Держите смесь на льду. Загрузите подготовленную камеру визуализации, приклеенную к держателю слайда на объективе 100X TIRF. Используйте 560-нанометровый и 647-нанометровый каналы, чтобы найти поле зрения, содержащее оптимальное количество и плотность одиночных микротрубочек и пучков.
После определения поля зрения сделайте эталонное изображение. Осторожно течь в пробирную смесь, не нарушая камеру визуализации. Запечатайте открытые концы камеры герметиком VALAP.
Понаблюдайте за микротрубочками и начните последовательность визуализации. После иммобилизации семян микротрубочек и генерации пучков были получены флуоресцентные изображения. Одиночные микротрубочки были идентифицированы флуоресцентным сигналом в 647-нанометровом канале, тогда как микротрубочки были идентифицированы как предварительно сформированные пучки, когда они отображали флуоресцентные сигналы в обоих каналах.

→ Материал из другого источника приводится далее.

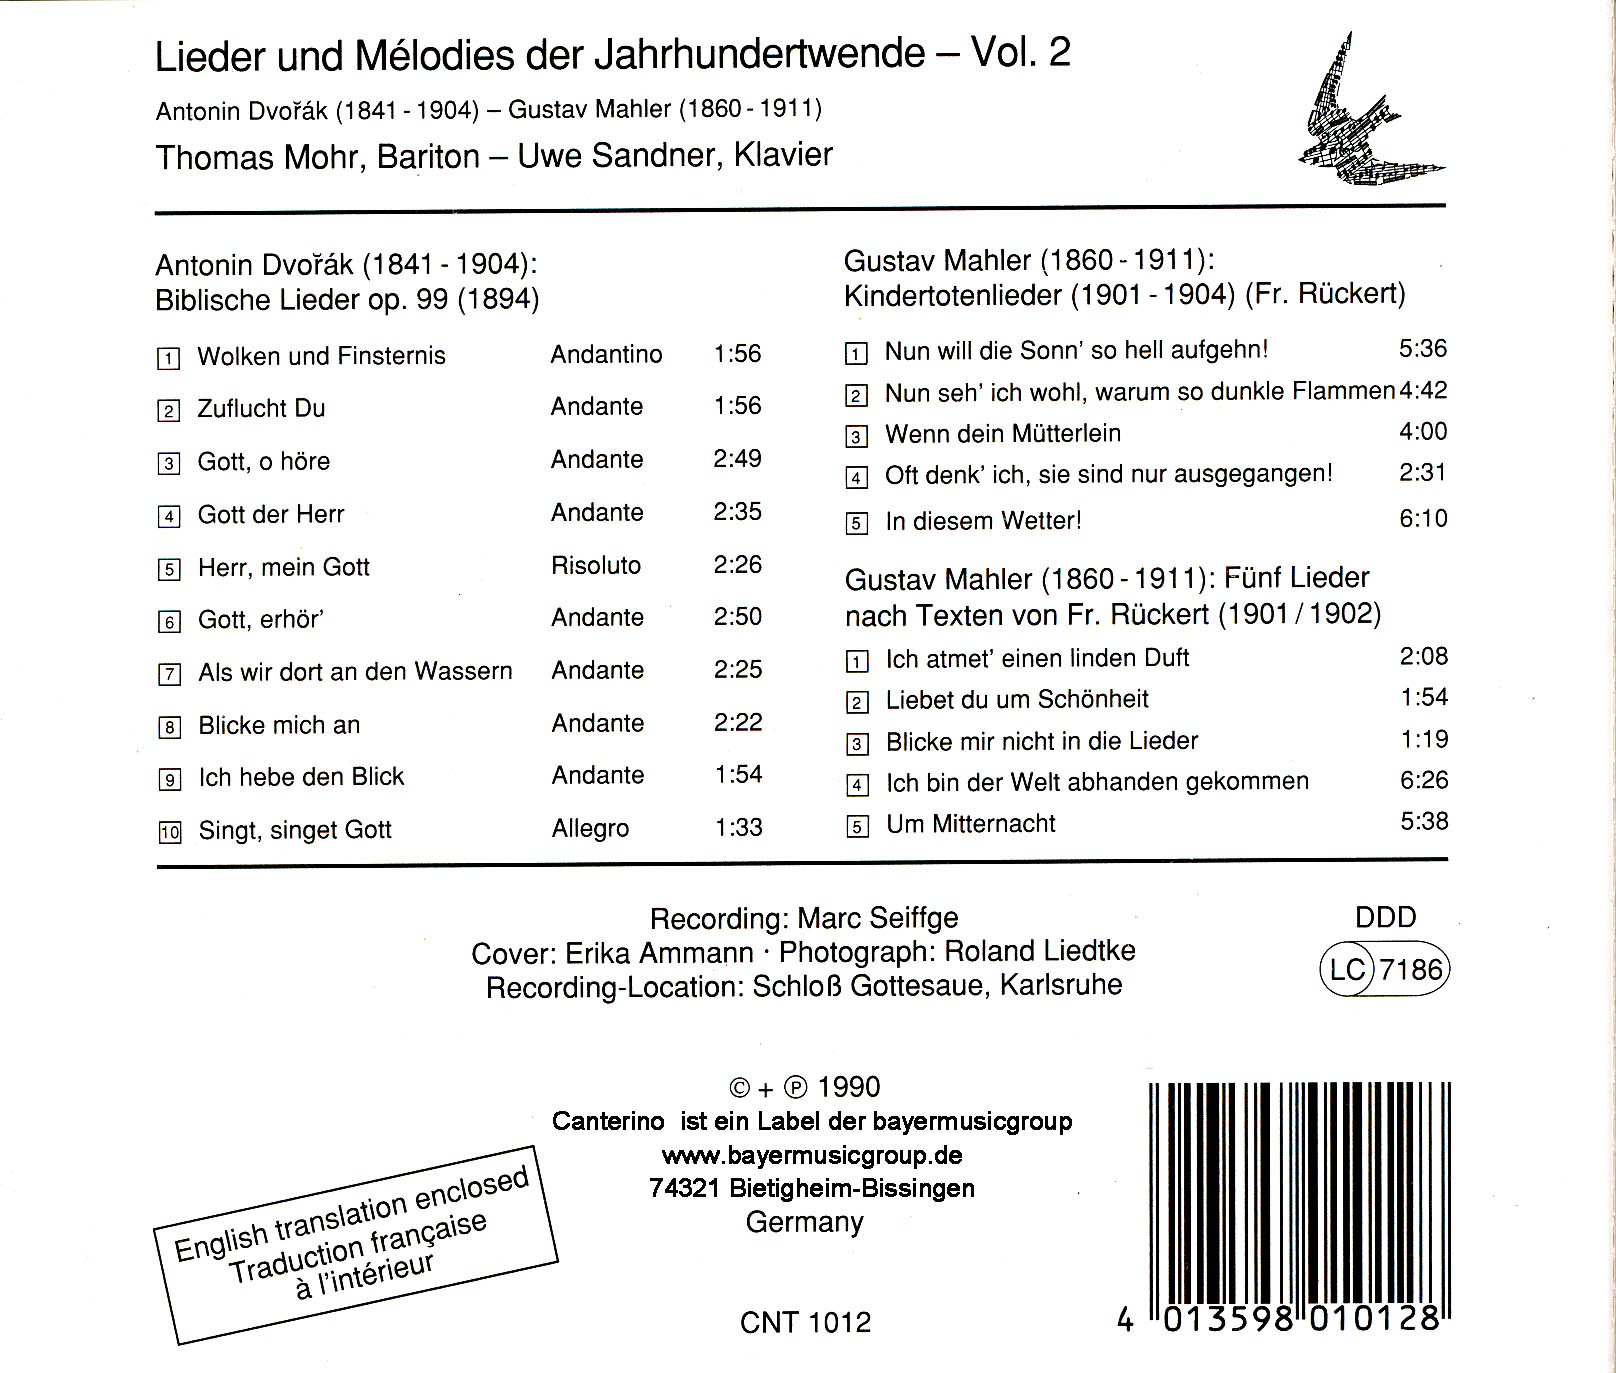 Lieder und Mélodies der Jahrhundertwende Vol. 2

Изучена динамика одиночных микротрубочек и сшитых пучков PRC1 в присутствии белков KIF4A и CLASP1, что показало, что одиночные микротрубочки удлиняются в ходе анализа, тогда как рост сшитых микротрубочек застопорился. Будьте осторожны, чтобы держать полимеризованные микротрубочки при комнатной температуре или выше. Держите растворимый тубулин на льду и защищайте камеру визуализации и флуоресцентно меченые микротрубочки и белки от света.
Эти анализы дали механистическое представление о том, как белковый модуль, обнаруженный в митотическом веретене, может дифференциально регулировать динамику двух различных популяций микротрубочек, которые сосуществуют в веретене.